- **Exercise directions**: Everything in the listing below needs restating exactly, apart from the pictures.

- **Information shown**:
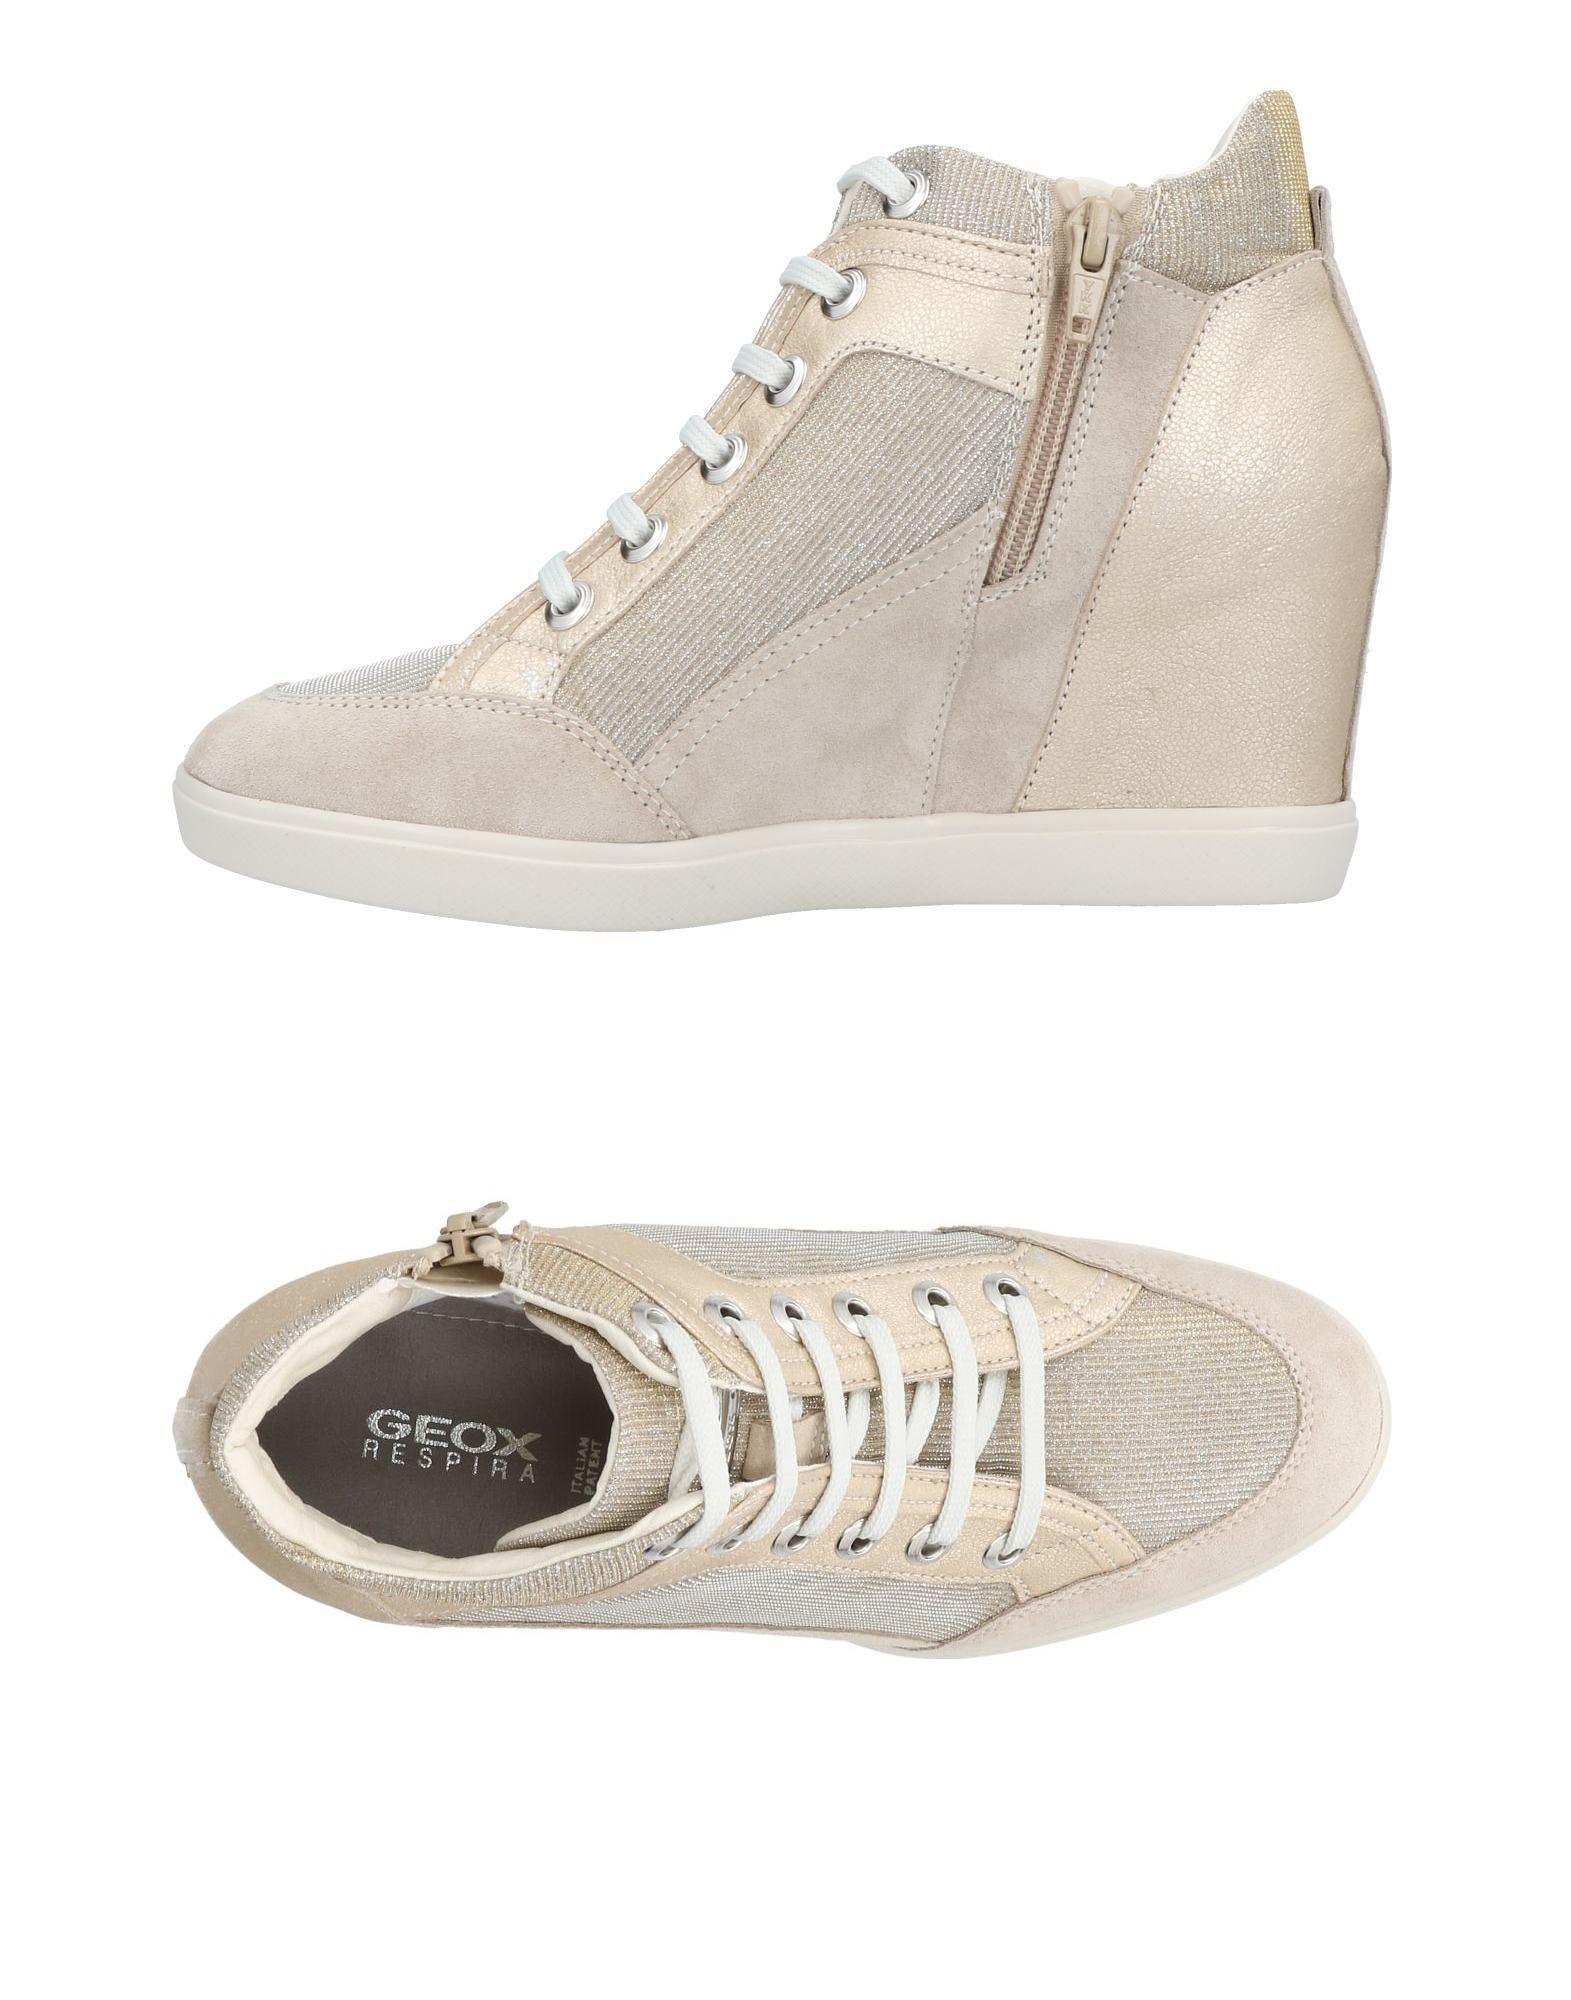 Stilvolle billige Schuhe Geox Sneakers Damen Damen Damen  11453875OT a30e81
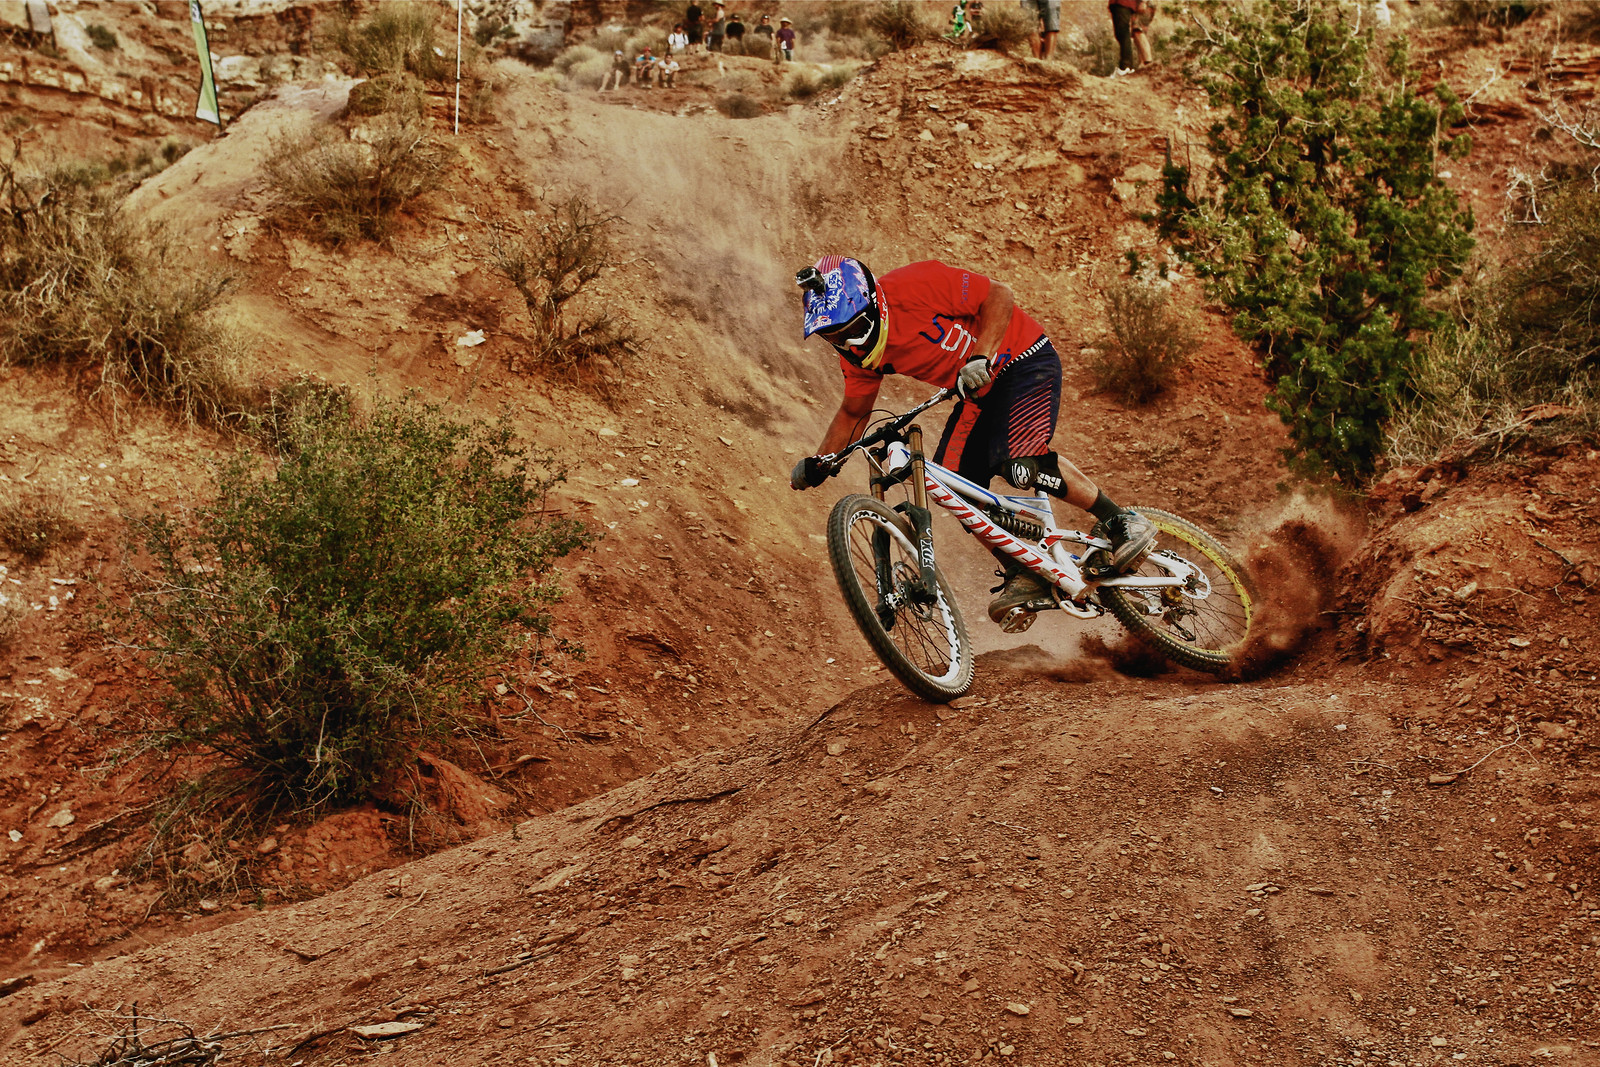 Darren Berrecloth  - Malcolm Mclaws - Mountain Biking Pictures - Vital MTB
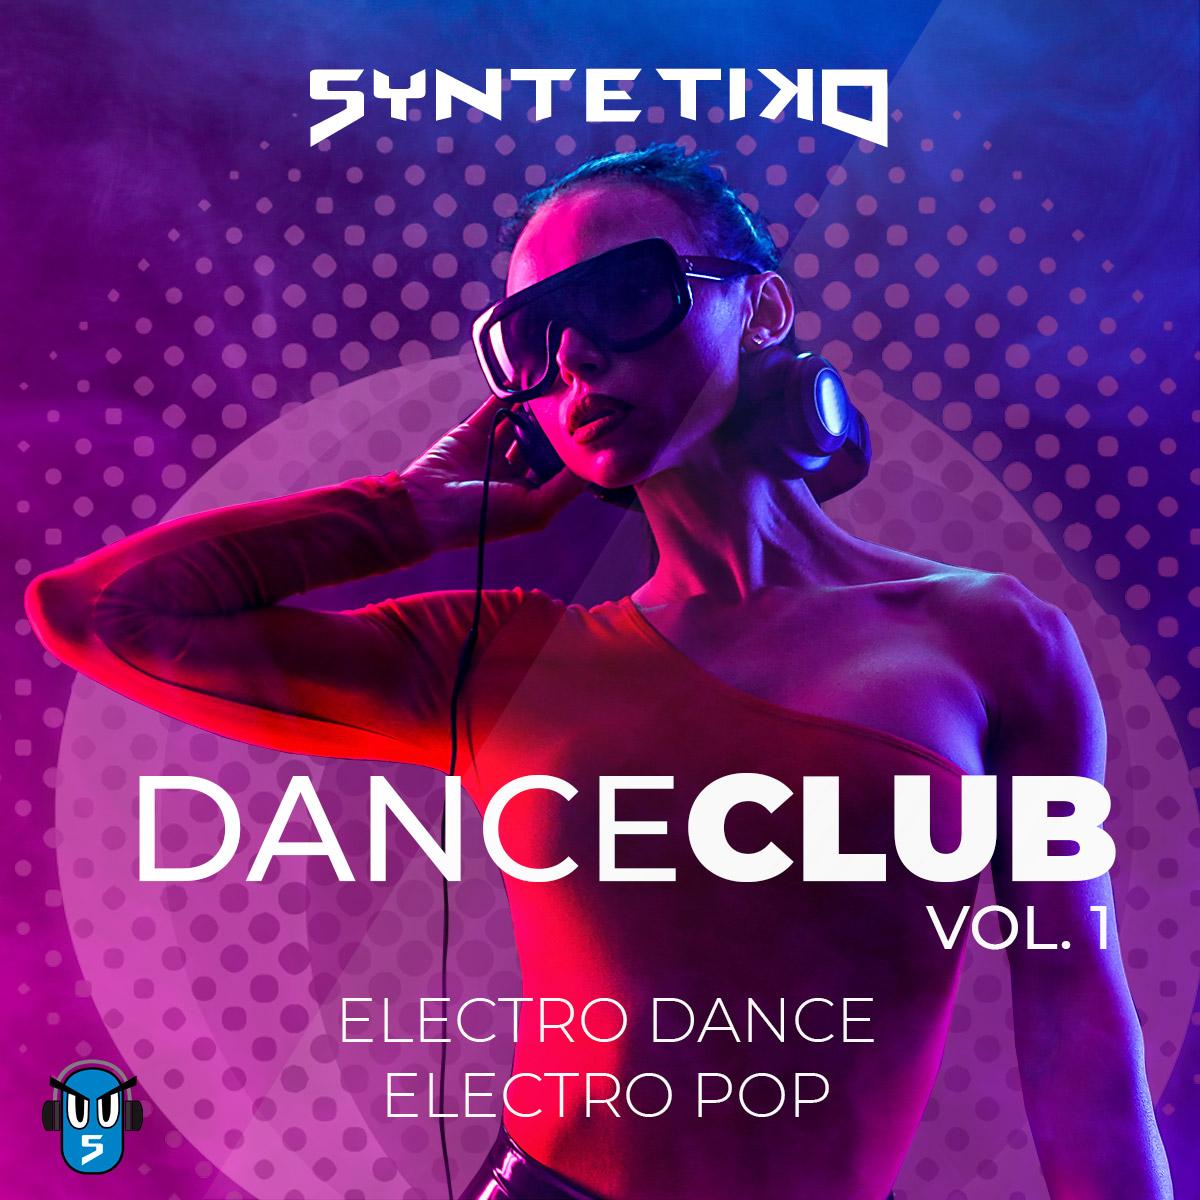 DanceCLUB Vol 1
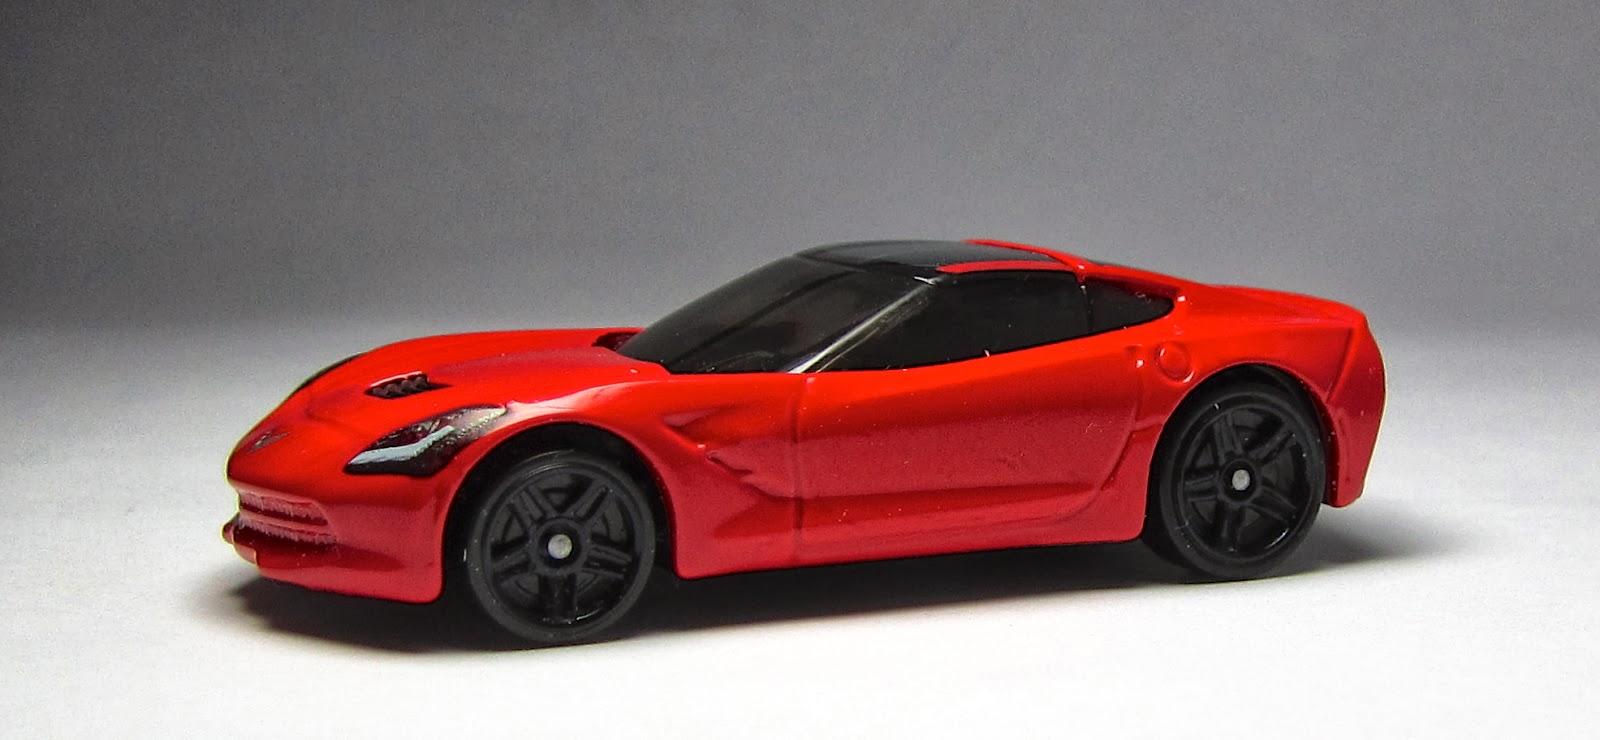 Hot Wheels 2014 Corvette Toy | Autos Weblog

- **Solution for this problem**:
 Stilvolle billige Schuhe Geox Sneakers Damen Damen Damen  11453875OT a30e81
 Darren Berrecloth  - Malcolm Mclaws - Mountain Biking Pictures - Vital MTB
 DanceCLUB Vol 1
 Hot Wheels 2014 Corvette Toy | Autos Weblog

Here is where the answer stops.